Records shown section start
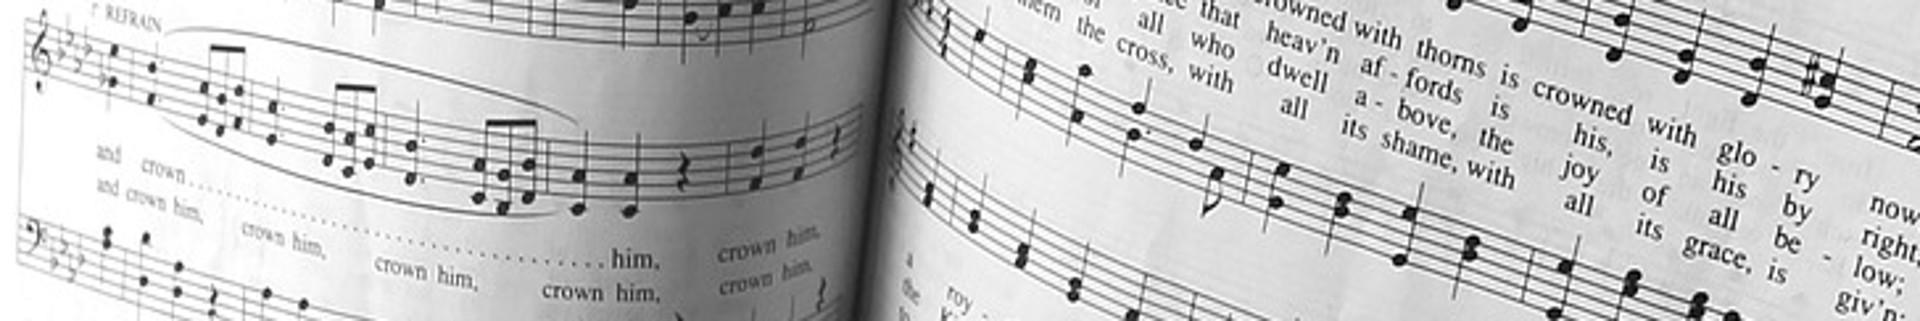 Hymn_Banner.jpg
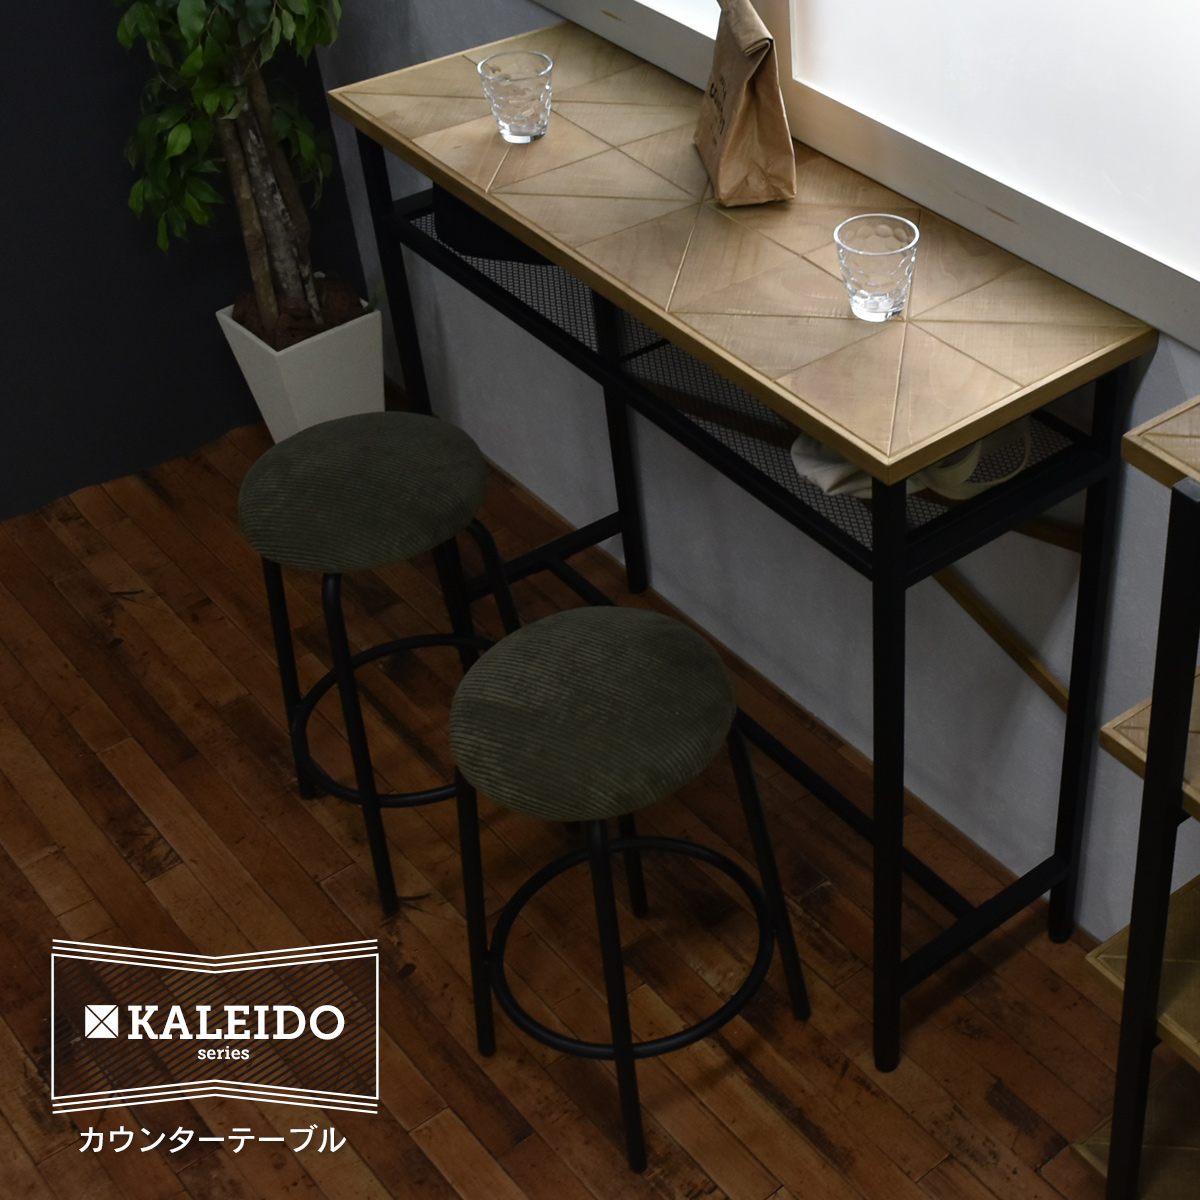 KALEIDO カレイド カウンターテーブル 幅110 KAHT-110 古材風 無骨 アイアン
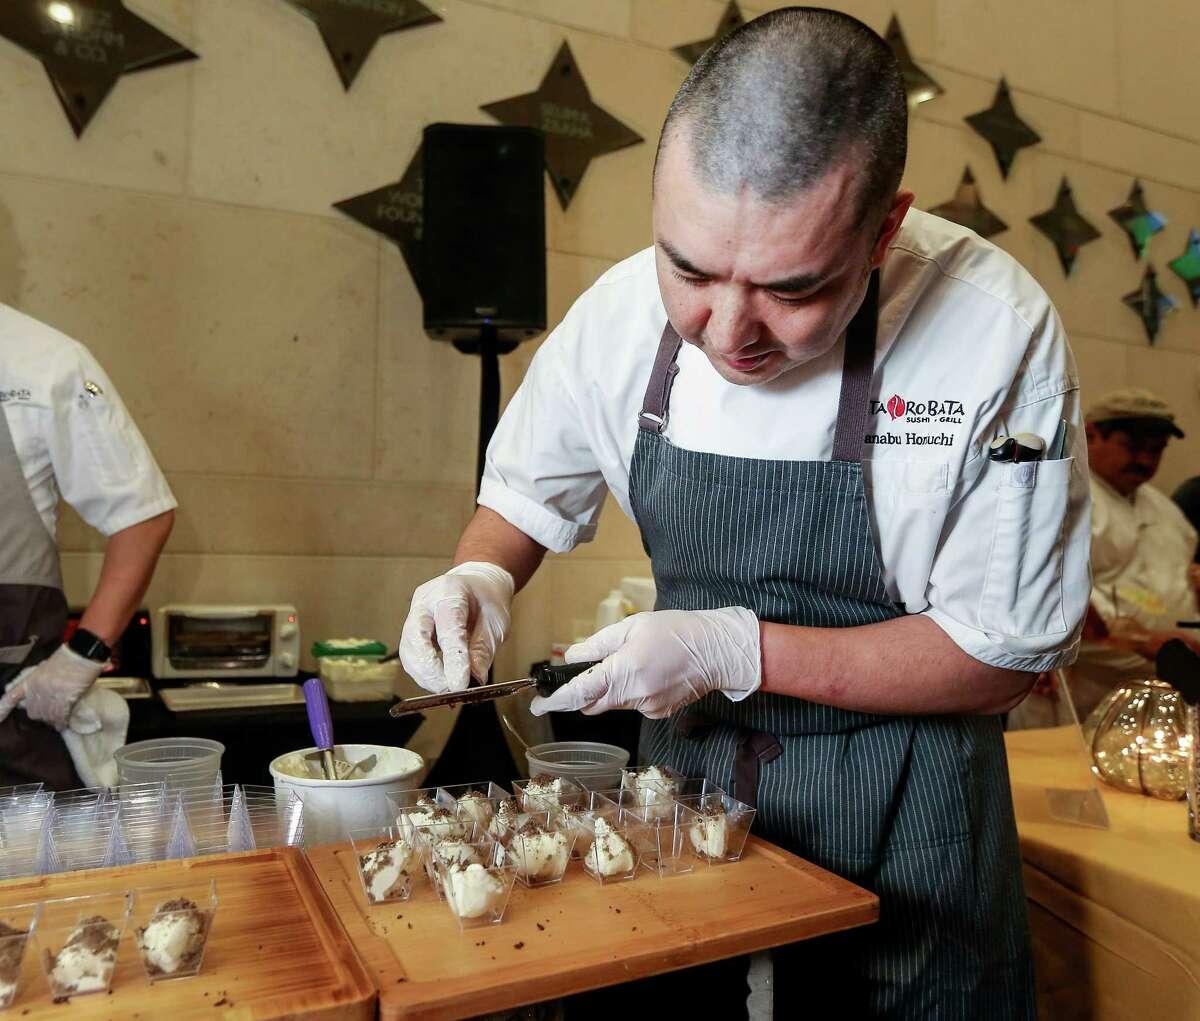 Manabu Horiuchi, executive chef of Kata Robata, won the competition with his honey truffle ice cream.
Records shown section end
Records shown section start
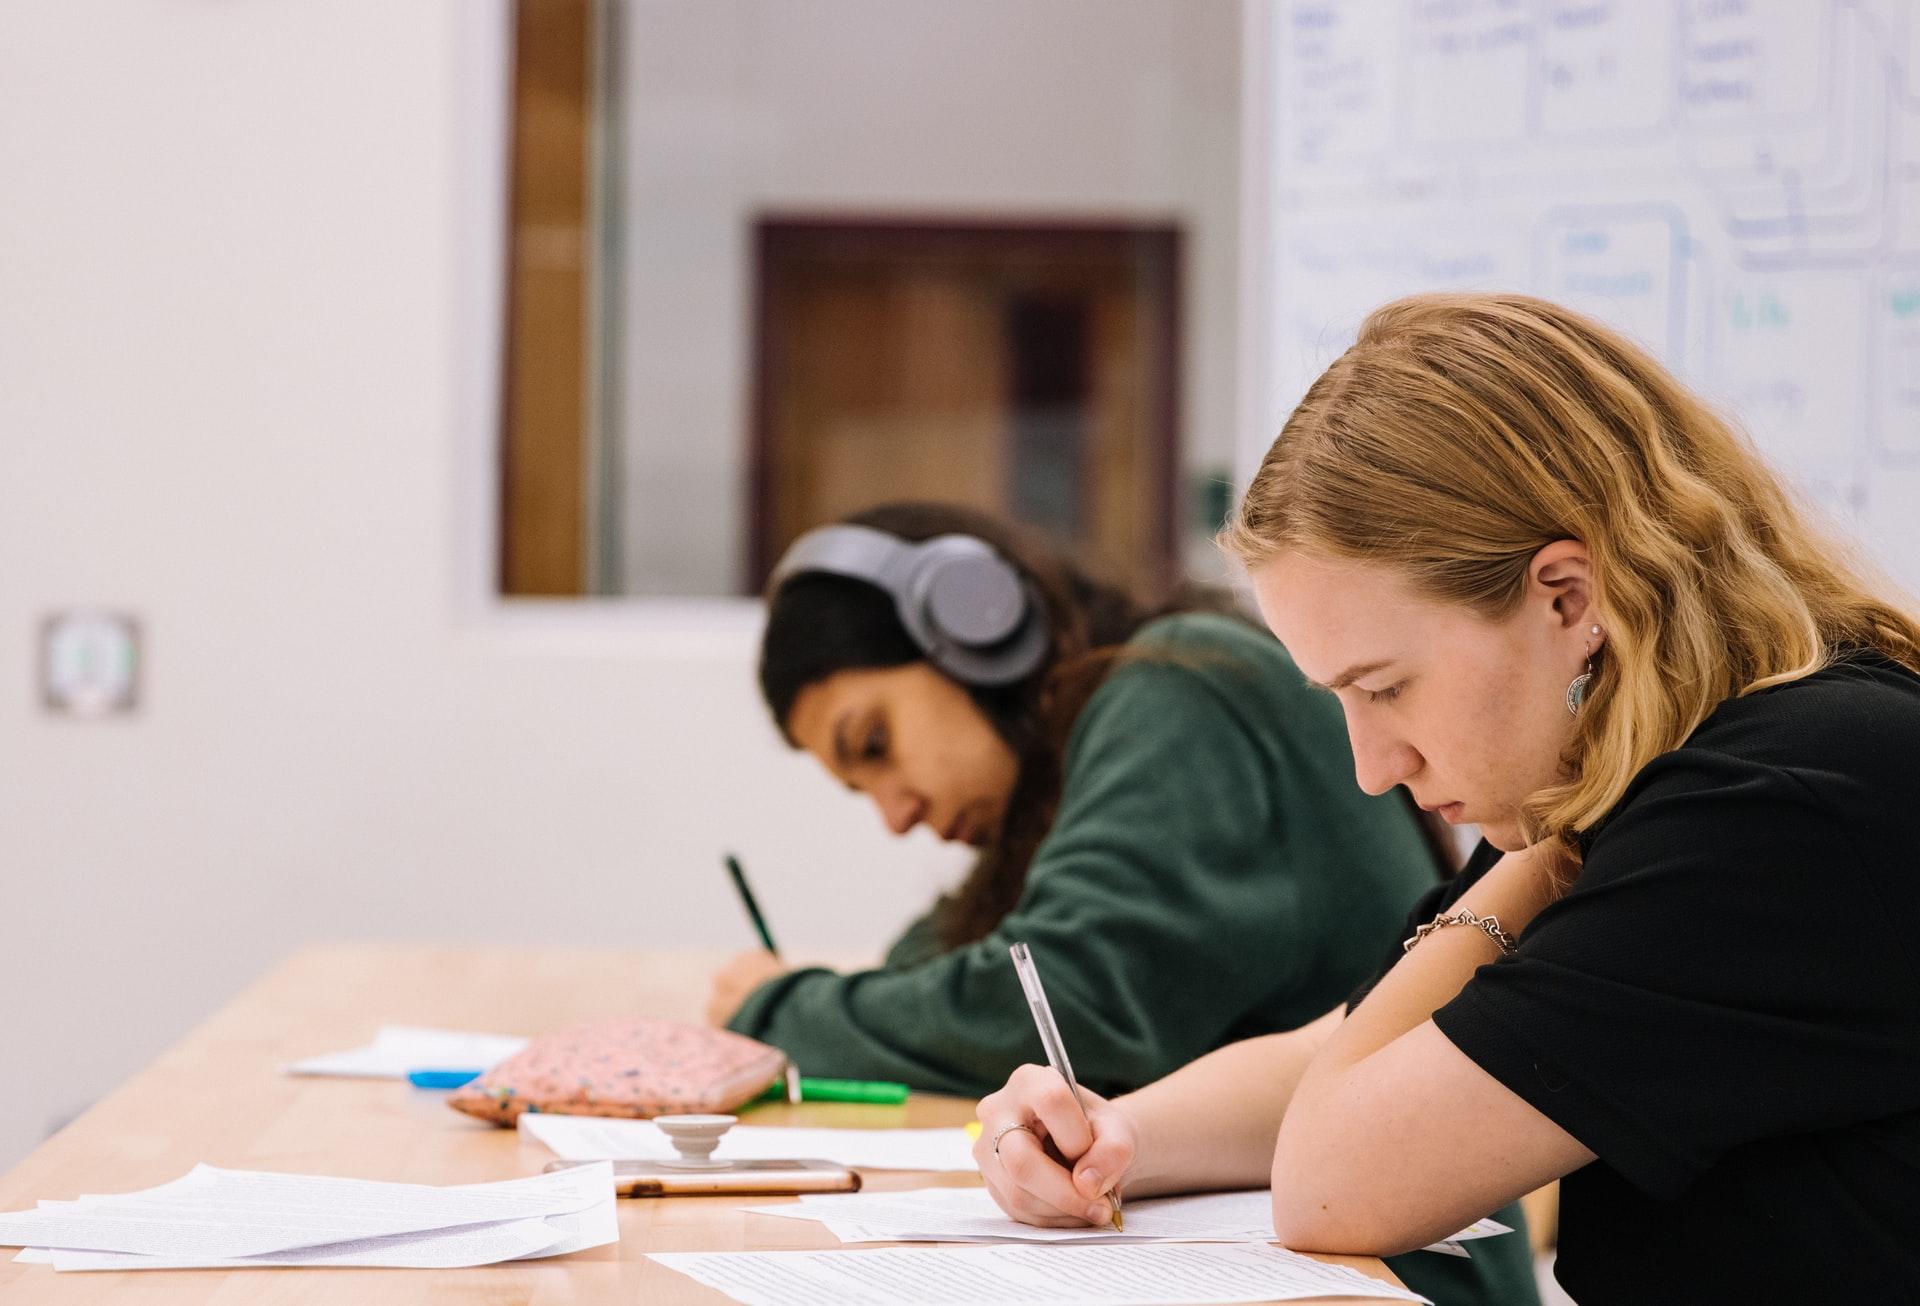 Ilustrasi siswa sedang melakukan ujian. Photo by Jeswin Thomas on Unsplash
Records shown section end
Records shown section start
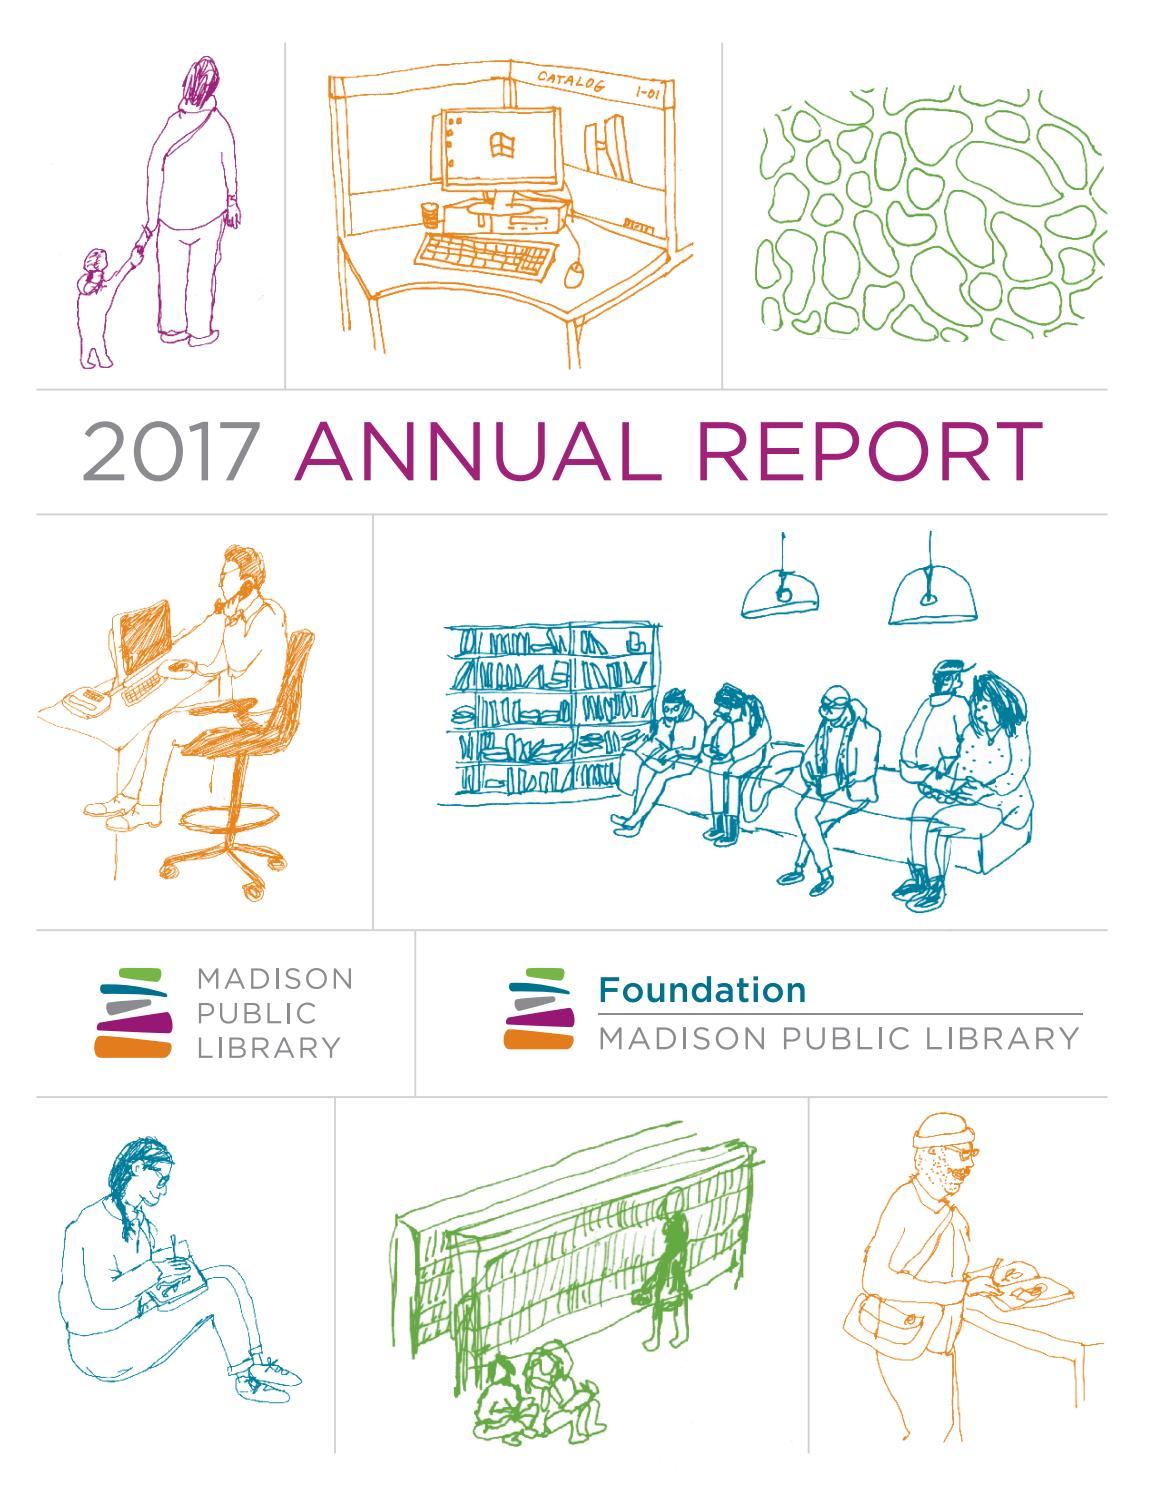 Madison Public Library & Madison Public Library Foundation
Records shown section end
**Task directions**
In the listing above, find the line holding "Hymn_Banner.jpg" and the line holding "Manabu Horiuchi, executive". Reproduce those two lines and all between them exactly, leaving out pictures.

**Solution for this problem**
 Hymn_Banner.jpg
 KALEIDO カレイド カウンターテーブル 幅110 KAHT-110 古材風 無骨 アイアン
 Manabu Horiuchi, executive chef of Kata Robata, won the competition with his honey truffle ice cream.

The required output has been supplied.